NYCH3 #1121

NYCH3 #1121

Date: Wednesday, August 31, 2005

Start: South Street and Fulton

Hares: Crazy Bob

On-in: MacMenamin’s

Scribe: DBB

 

Arseholes (sic), Bastards, Fucking Cunts and Pricks

Ah, more gentle times. I have recently been revisiting some of my early record collection, which abruptly stopped growing with the apocalyptic arrival of punk in the mid-Seventies. Before I gave up on music for many years, the classic “New Boots and Panties” by Ian Dury, from which the title of this write up was taken, found its way into my consciousness and has never really left. Sadly, Ian Dury passed on a number of years ago, but many of the musicians from the area are still insisting upon producing records and touring. Personally, I find Mick Jagger’s refusal to lie down and die slightly pathetic, just as there is something slightly pathetic about middle-aged men running the streets of Manhattan and hanging out in bars with fifty or so people who are mostly young enough to be their children.

 

But enough about Burke. Last week’s start took us down to the South Street Seaport, once an exciting and invigorating area to hang out it and now somewhat on its last legs. In the good old days, there was the only English pub in New York City, an emporium known as the North Star, where we all used to gather on Boxing Day and enjoy bangers and mash, surrounded by our countrymen and sing off-key Christmas carols. This place closed and has been replaced by a branch of the ubiquitous Heartland Brewery, purveyors of half-decent food and indifferent beer. This was to be the site of an event known as a Prelube, a tradition which has grown from nothing since the last time I did a write-up and of which, needless to say, I thoroughly disapprove.

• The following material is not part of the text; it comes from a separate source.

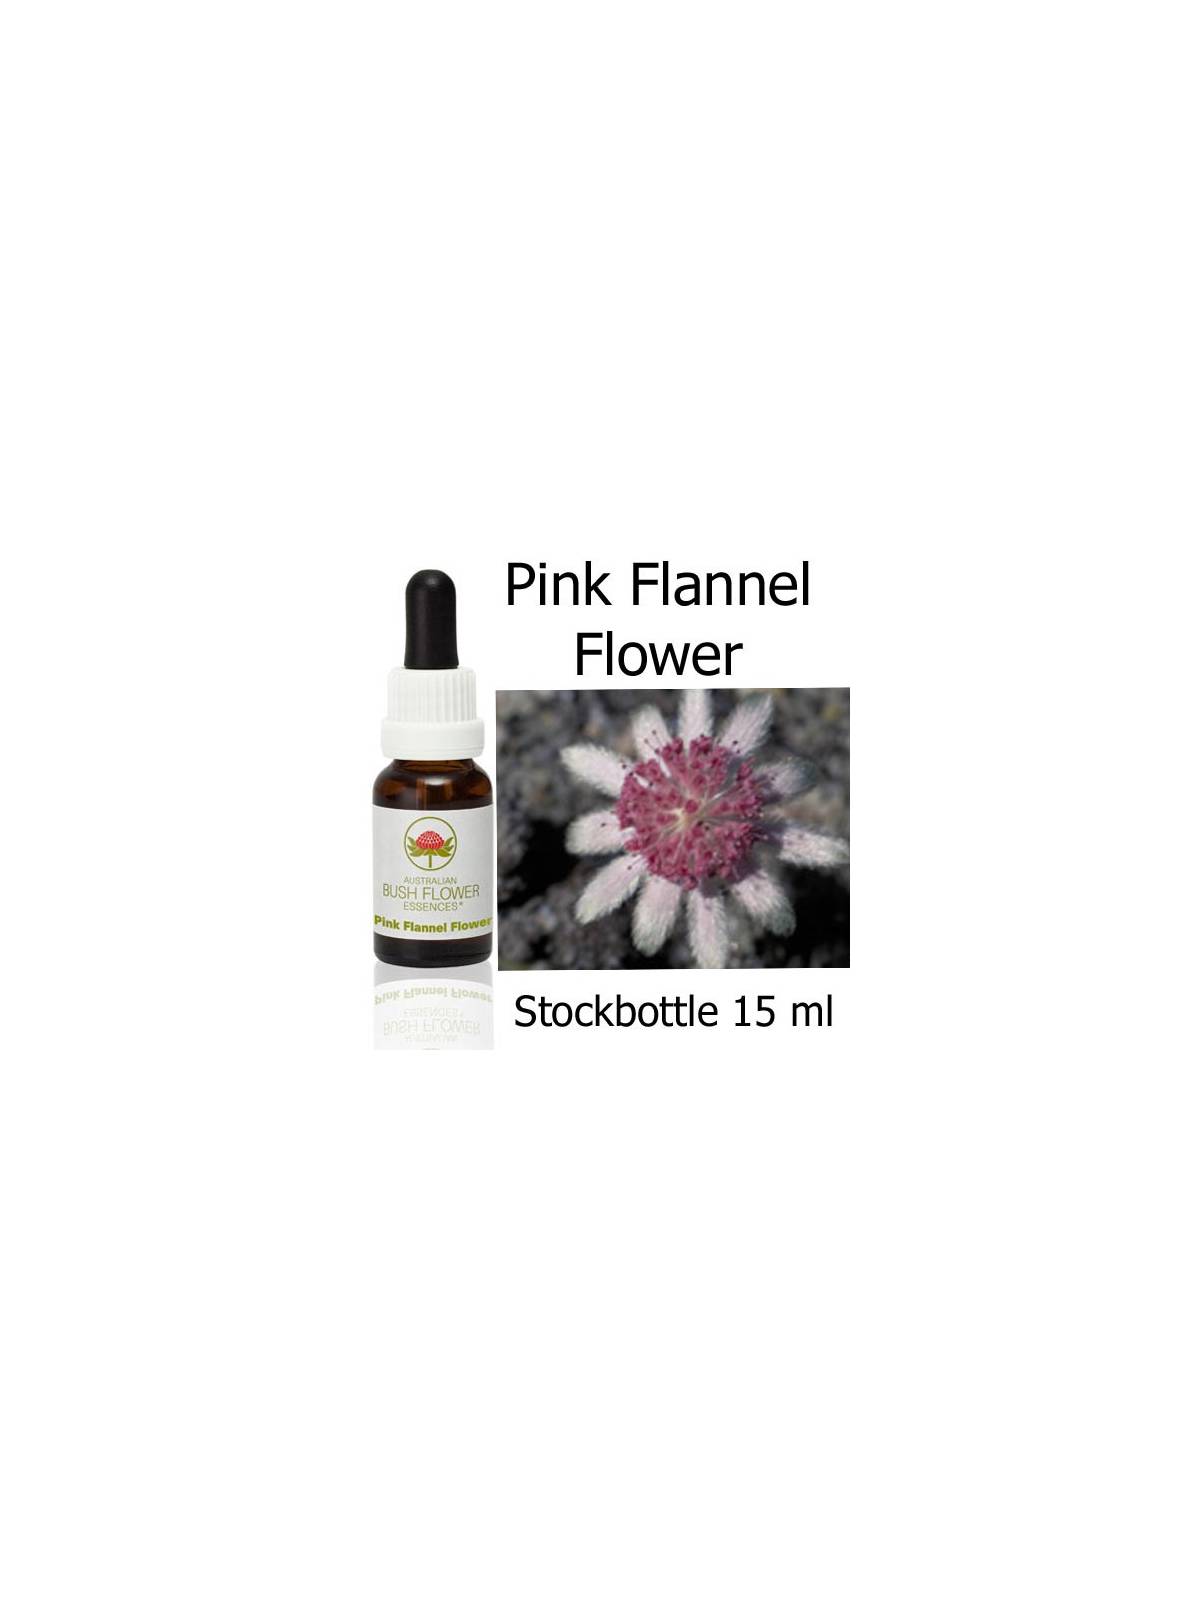 Fiori Australiani Pink Flannel Flower Australian Bush Flower Essences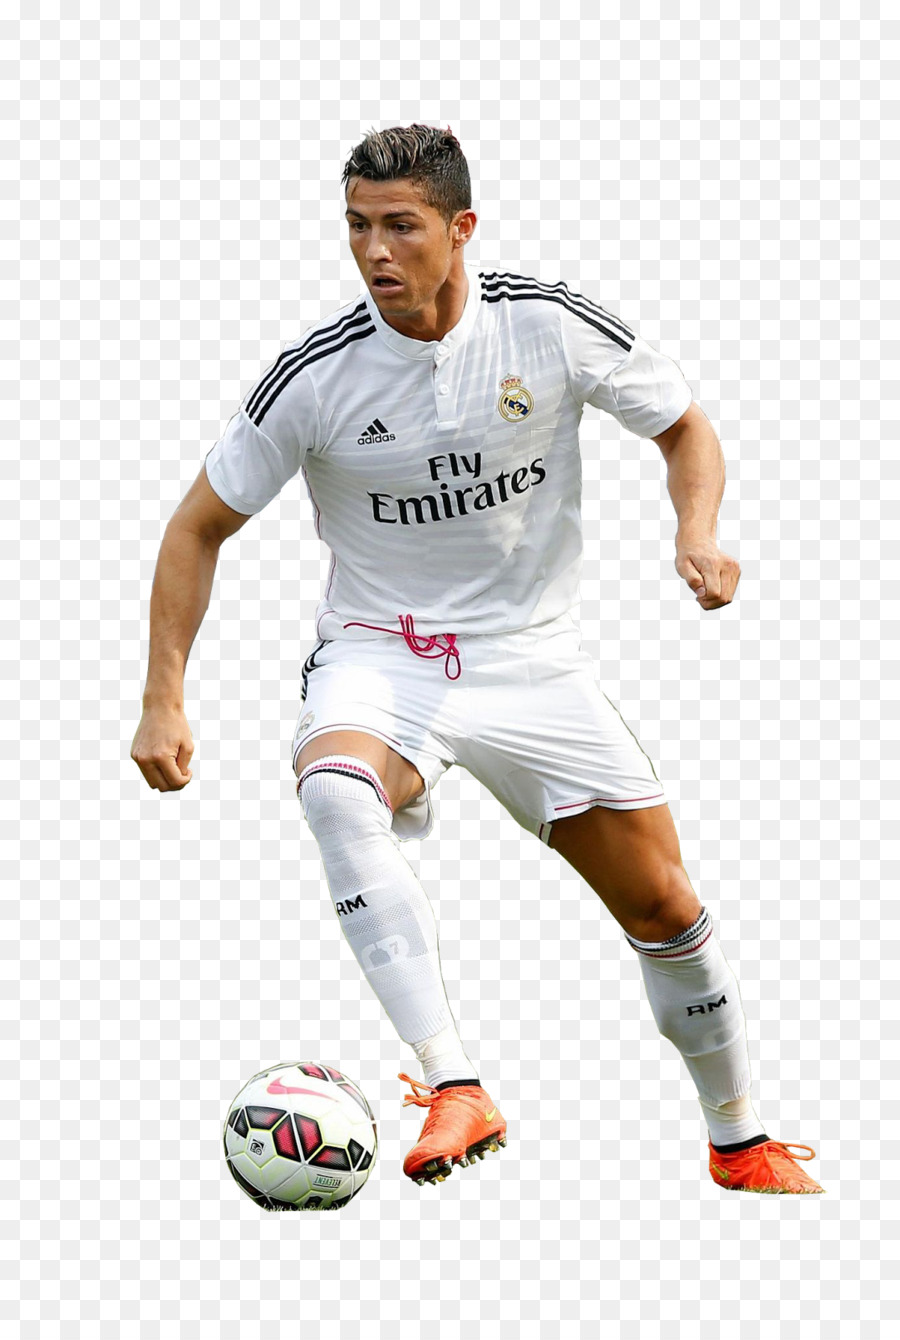 Cristiano Ronaldo del Real Madrid C. F. Manchester United F. C. in Portogallo nazionale di calcio FIFA 18 - Cristiano Ronaldo

The fact that the last time I went running after drinking beer led to a $20,000 dental bill has nothing to do with my objections; the regulars on the pre-lube have running as the farthest thing from their minds, and appear intent just on bridging the gap between a late lunch and an evening’s drinking. Ironically, though, the Heartland Brewery was closed for a private function, obliging the pre-lubers to wander the streets in search of an alternative. This at least gave rise to some form of exercise.

 

And so to the trail. A fellow Old Fart whispered to me as we set off “Of course we’re going to that fookin’ bar in the Seaport – of course he wouldn’t have got us all the fookin’ way down here if it hadn’t been to take us in there” an interesting use of the subjunctive mood, I thought. With this opinion in mind, I quickly realized that the trail was a fairly standard amble around Lower Manhattan, with particular reference to Battery Park City. Despite the stunning improvements my body has made over the last year or so in terms of litheness and fleetness, I succeeded as always in ending up at the back of the pack. Oddly, despite the fact that there is a severely finite number of ways to go in solving a check downtown, the number of pack marks gradually declined to zero, and I gave up in frustration. Fortunately, I found myself standing outside the Blarney Stone near the Battery Tunnel, my absolute favorite bar in the area, and nipped in for what I can only describe as an intra-lube, an experience that I did not expect to have until my fiftieth birthday, at the earliest. There I treated myself to a pint of Bud and a couple of innings of the Mets (on these grounds alone this behavior is entirely exempt from the moral opprobrium that attends the pre-lube). Thus I gave myself the courage to face the seething mass of post-adolescent hormones that is the modern On-In.

 

MacMenamin’s inside the Seaport was the venue, as correctly predicted by the aforementioned never-wrong Old Fart. It is actually one of the few reasons to go into the faded shopping complex, which is inexplicably swamped with tourists, presumably carrying out-of-date guidebooks. It has enough room and is not monstrously loud, which is all I demand from a bar. The beer was plentiful and the food almost non-existent, which is exactly correct. The Down-Downs were conducted to the current standard. The highlight of this part was the increasing levels of discomfiture exhibited by a virgin, who was annoyed at the prospect of having to chug a beer, disturbed at the bad words in the accompanying song and utterly horrified when a visitor from Texas stood on a chair and sang a song of praise to the female genitalia. I guess she doesn’t listen to much Ian Dury, either.

 

All in all, it was quite a pleasant gathering. I managed to find several people over 30 to talk to, including (and I realize I might be making assumptions here) two senior officers of the Committee, on whose conversation I eavesdropped in the hope of gaining some insight into current Hash politics. Unfortunately, they seemed interested in talking only about boys. Conversely, it was not possible to have any intelligent conversation at all with Peter, as his sobs of grief at the prospect that Lesley might not be able to make it rendered him incomprehensible. Other notable attendees were Nanny Rebecca and Nanny-by-Marriage Steve, the aforementioned Texas visitor, a fellow from Chicago who looked just like Ron Perlman and the venerable Rudy Klein. Magoo was also present.